Я знала, что если позволю ему избить Текса, дело не закончится только разбитым носом. Под его веселой внешностью скрывается часть его души, жаждущая хаоса и насилия, которые естественным образом из него рождаются. Ему это необходимо, но не настолько, как полной ему противоположности, его брату-близнецу.
Атлас – Святой только потому, что Эзра гораздо хуже.
— Я всегда прикрою тебя, Фи-фи-фо-фум.
Я закатываю глаза, когда он наклоняется, чтобы поцеловать меня в лоб, а затем взъерошить волосы.

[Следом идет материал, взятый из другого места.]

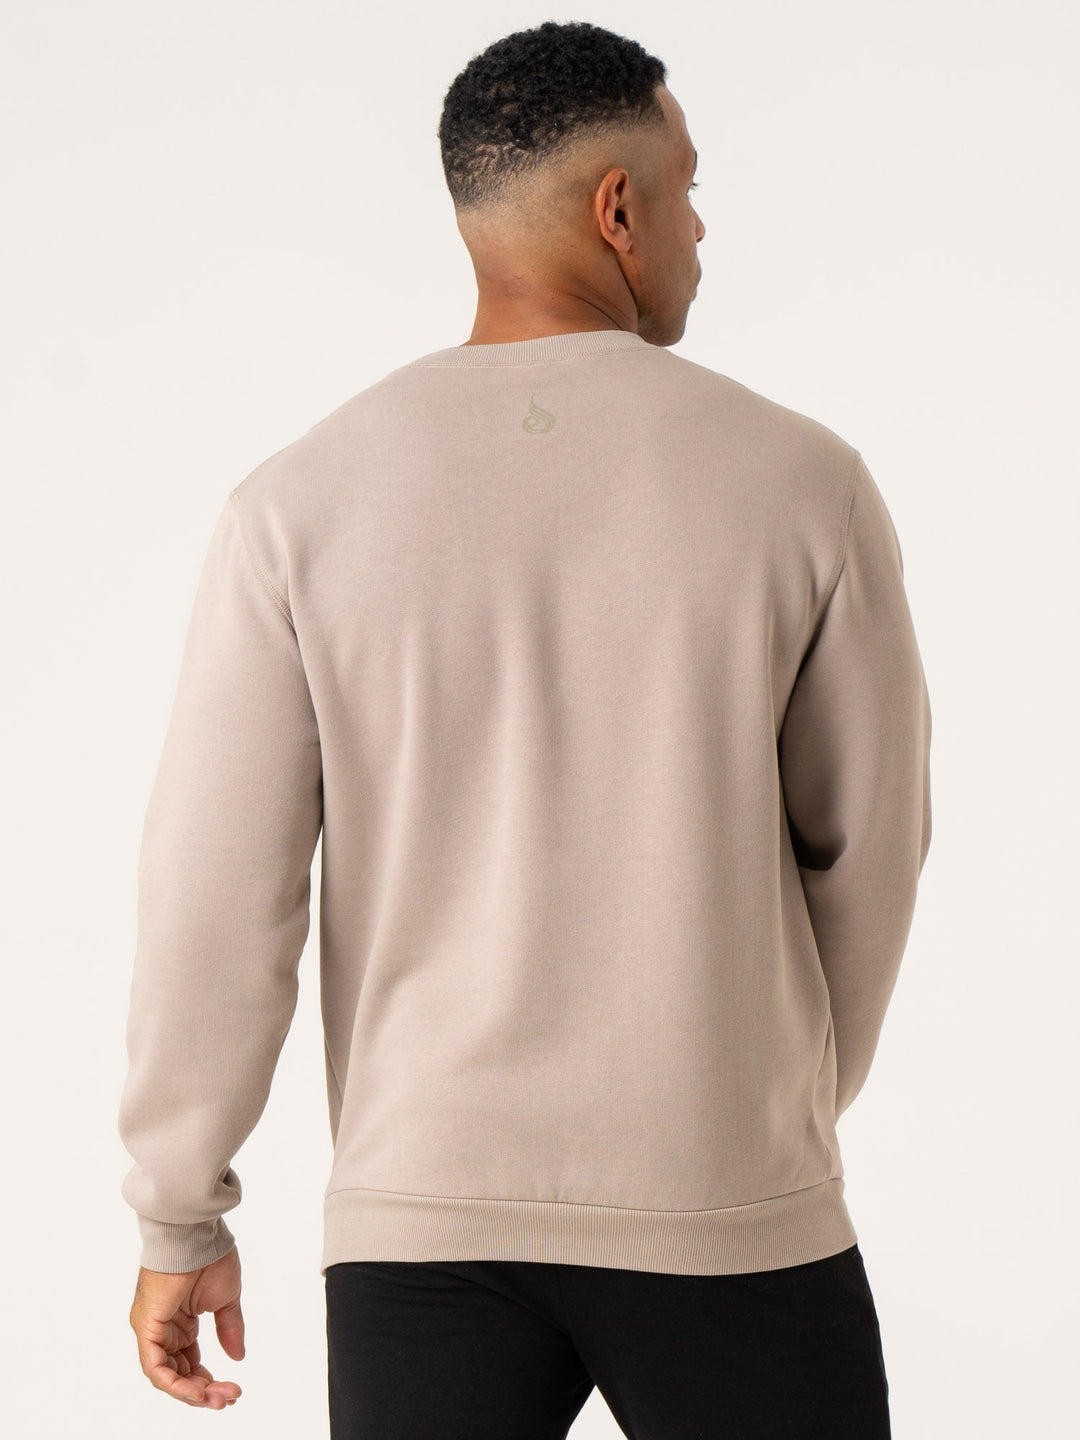 Pursuit Pullover - Taupe Clothing Ryderwear

Я скрещиваю пальцы, чтобы он упал и сломал ногу, пытаясь забраться на стену своего дома.
— Куда это ты? — спрашиваю я сестру, которая пытается незаметно ускользнуть к тротуару, а не к дому.

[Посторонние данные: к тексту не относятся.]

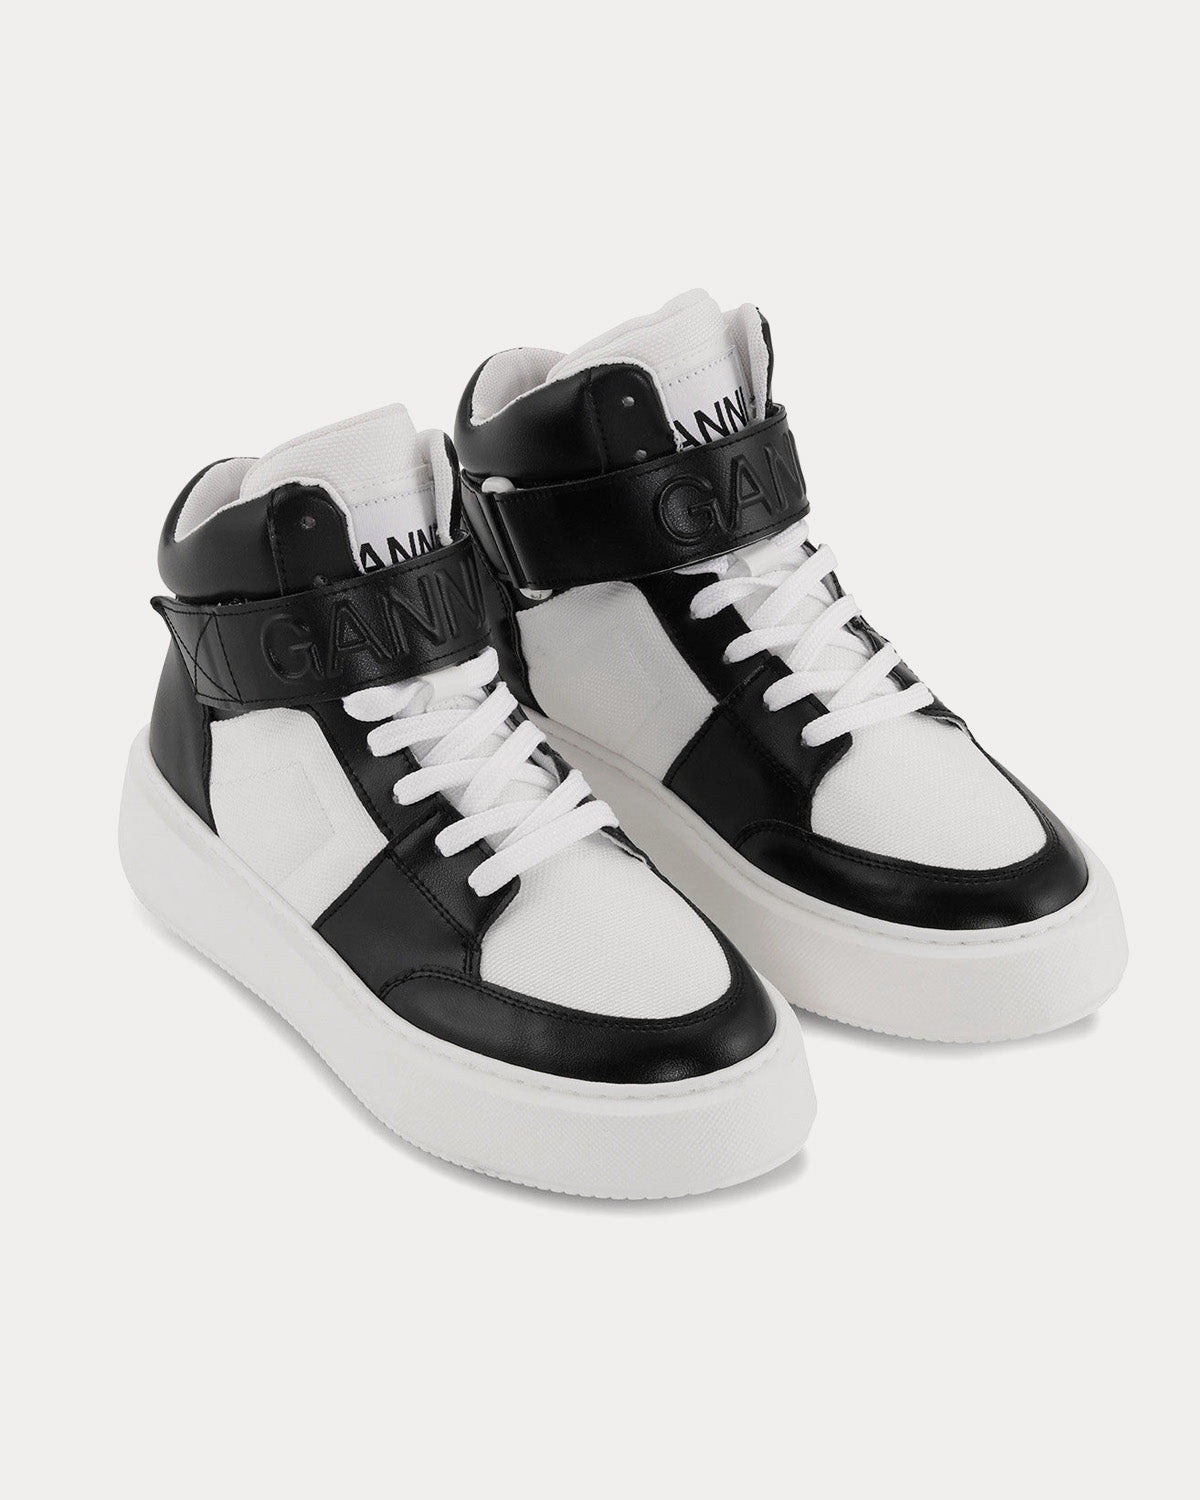 Ganni - Sporty Mix Black / White High Top Sneakers

В этом и заключается особенность Энди – она тихая, поэтому трудно заметить, когда она исчезает, и еще труднее понять куда.
— В бухту Стикс. Буду утром, — бормочет она.
Всегда гонится за своей тенью.
— Будь осторожна. Я тебя прикрою, если что.
— Ты лучшая.
Я машу ей рукой и закатываю глаза, когда она начинает уходить.
— Да, да. Знаю.
После того как она исчезает из виду, я проверяю, закрыты ли ворота гаража, прежде чем выйти через боковую дверь. Шум океана, прибивающегося к краю моего заднего двора, заполняет тишину, пока я иду до входной двери.
Раньше я, пожалуй, была более осторожной, возвращаясь домой. Раньше я бы даже не стала сбегать из дома. Я бы осталась на выходные и до двух ночи смотрела бы «Доктора Кто».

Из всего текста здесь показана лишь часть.